Note that we keep a history of all updates. While this would not be required in practice — in general, we are only interested in the values for $\mathbf{x}$ after the last update which are hopefully close to the true minimum — we can use the history of updates for visualizing the results. To this end, let's first define the initial choice of the parameters as $x_1 = 9$ and $x_2 = -3$:

In [5]:

x0 = np.asarray([9, -3])

We can now perform Gradient Descent by executing method sgd(). By default, we set the learning eta to $0.05$ and the number of iterations n_steps to 100. However, you are welcome and encouraged to vary both parameters, particularly the learning rate, to see how these changes will affect the result. That being said, the default parameters are meaningful enough to illustrate the limitations of basic Gradient Descent and motivate the advantages of momentum-based extensions to the algorithm.

In [6]:

eta, n_steps = 0.05, 100

xs_sgd = sgd(g, x0, eta, n_steps)

Right now, with xs_sgd, we only have the history of all parameter updates. To see the actual behavior of the Gradient Descent implementation, we provide the auxiliary method plot_gradient_descent_2d() to visualize the update steps in a plot. Apart from the update history xs_sgd, this method also receives f to visualize the 2d function as contour plot, and eta for setting the title of the plot. Just run the code cell below to generate the animated plot (note that this might take a few seconds).

In [7]:

plot_gradient_descent_2d(f, xs_sgd, eta=eta, title=f"Gradient Descent (η = {eta})")

Out[7]:

Since we are using a single global learning rate, every dimension of the parameter vector is scaled in exactly the same way, regardless of how sensitive the loss function is to changes in that parameter. While this works reasonably well for simple and well-conditioned problems, it can become a significant limitation when dealing with more complex or ill-conditioned functions — like our example function here — where different directions in the parameter space have very different curvature.

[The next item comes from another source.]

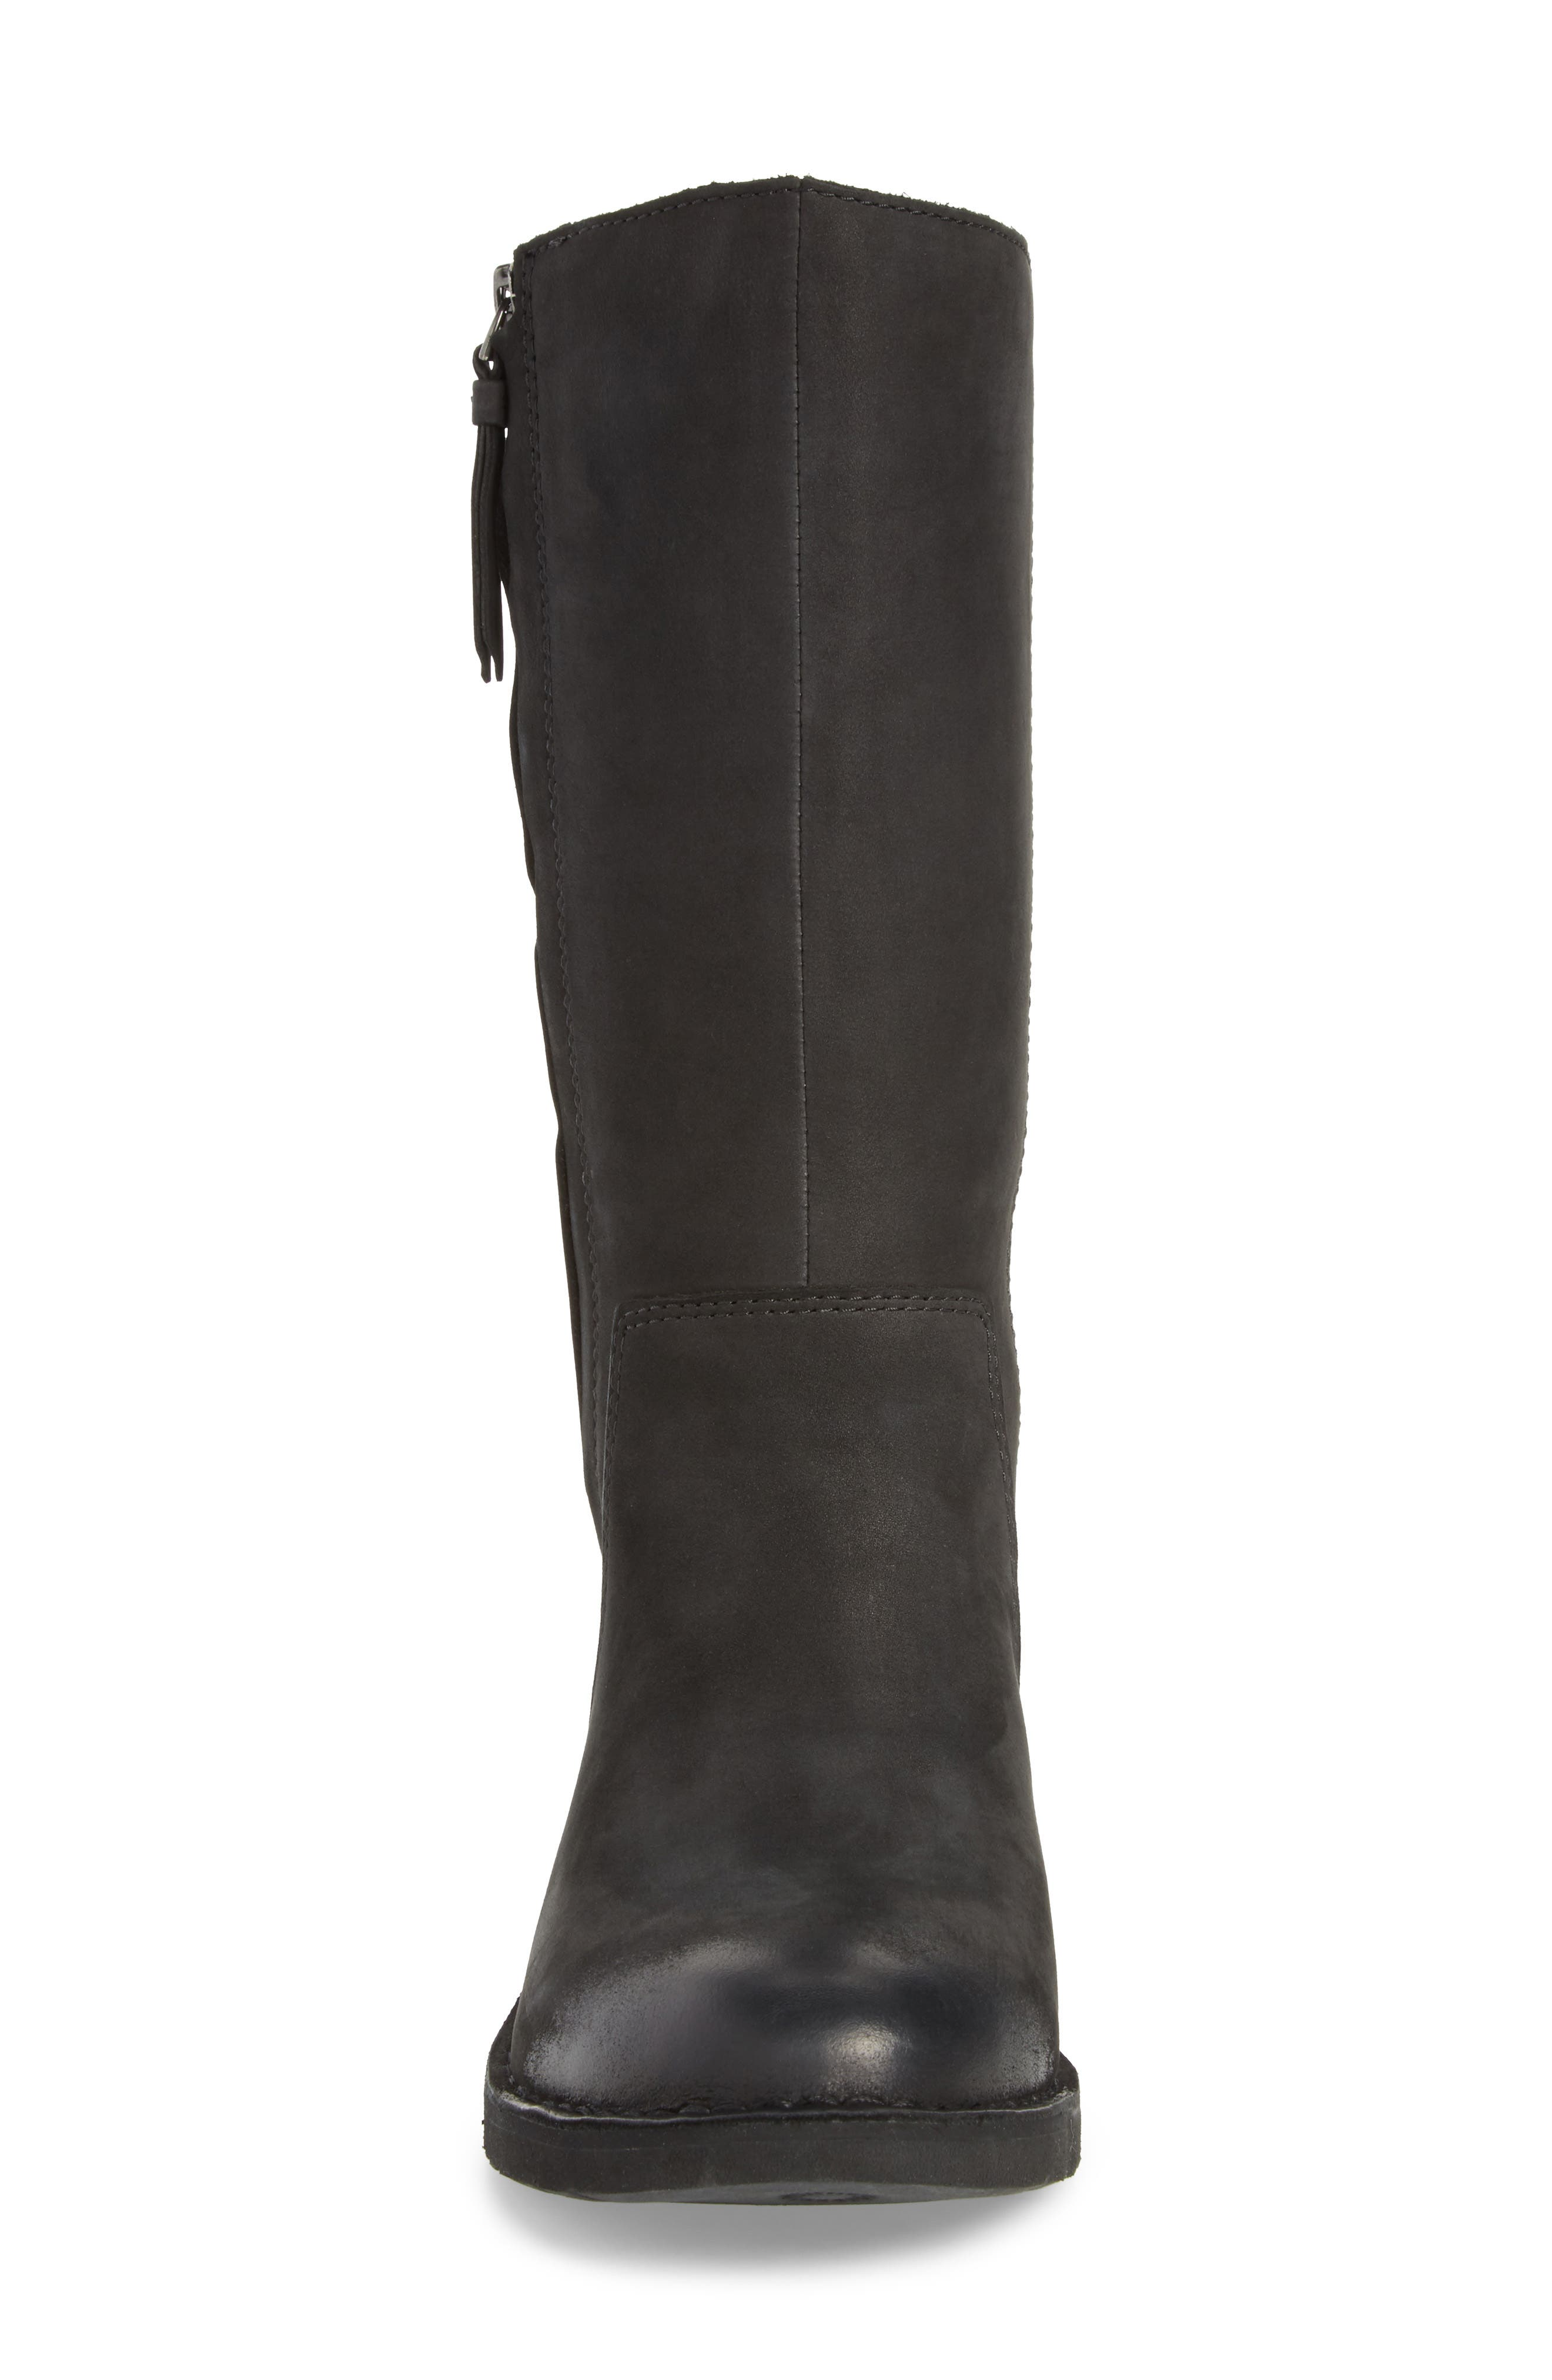 Elly Boot,                             Alternate thumbnail 4, color,                             Black Nubuck Leather

In such cases, a single learning rate forces a difficult trade-off: if the learning rate is set too large, updates may overshoot in steep directions and cause instability; if it is set too small, progress in flat directions becomes extremely slow. Ideally, we would like the update step for each parameter to adapt to its own scale, taking smaller steps in directions with large gradients and larger steps where gradients are consistently small. This would lead to more balanced and efficient progress across all dimensions. This is exactly the motivation behind AdaGrad.

The AdaGrad Algorithm¶

AdaGrad (Adaptive Gradient) is an optimization algorithm that extends basic Gradient Descent by using parameter-specific learning rates instead of a single global one. The basic intuition compared to Gradient Descent is that not all parameters should be treated equally during optimization. In standard Gradient Descent, a single learning rate can cause inefficient progress, especially for ill-conditioned problems where some directions require much smaller steps than others. AdaGrad addresses this by normalizing updates based on past gradient behavior, effectively taking smaller steps in steep directions and larger steps in flatter ones. This makes optimization more balanced and can significantly improve convergence, particularly in settings with sparse or unevenly scaled gradients. Let's see how this works in more detail.

Definition & Implementation¶

The information which directions are "steep" and which are rather "flat" is directly represented by the respective values in the gradient vector: large values indicate steep directions, small values indicate flat directions. This means that, in principle, we could use the gradient to scale the learning rate for each direction. However, using only the current gradient would cause some problems as this creates a purely local, instantaneous adjustment:

Very noisy behavior: gradients can fluctuate a lot between steps; the learning rate would jump around unpredictably
No memory: the optimizer forgets whether a parameter has been consistently large or small in the past
Overreaction to spikes: a single large gradient could drastically shrink the step size for that update, even if it is just noise

To make this more tangible in many real-world Natural Language Processing tasks, some features — typically tokens or words — appear in 99% of samples, while others appear in 0.01%. If we would use the current gradient, the learning rate for a rare token would only be "high" during the exact moment that word appears.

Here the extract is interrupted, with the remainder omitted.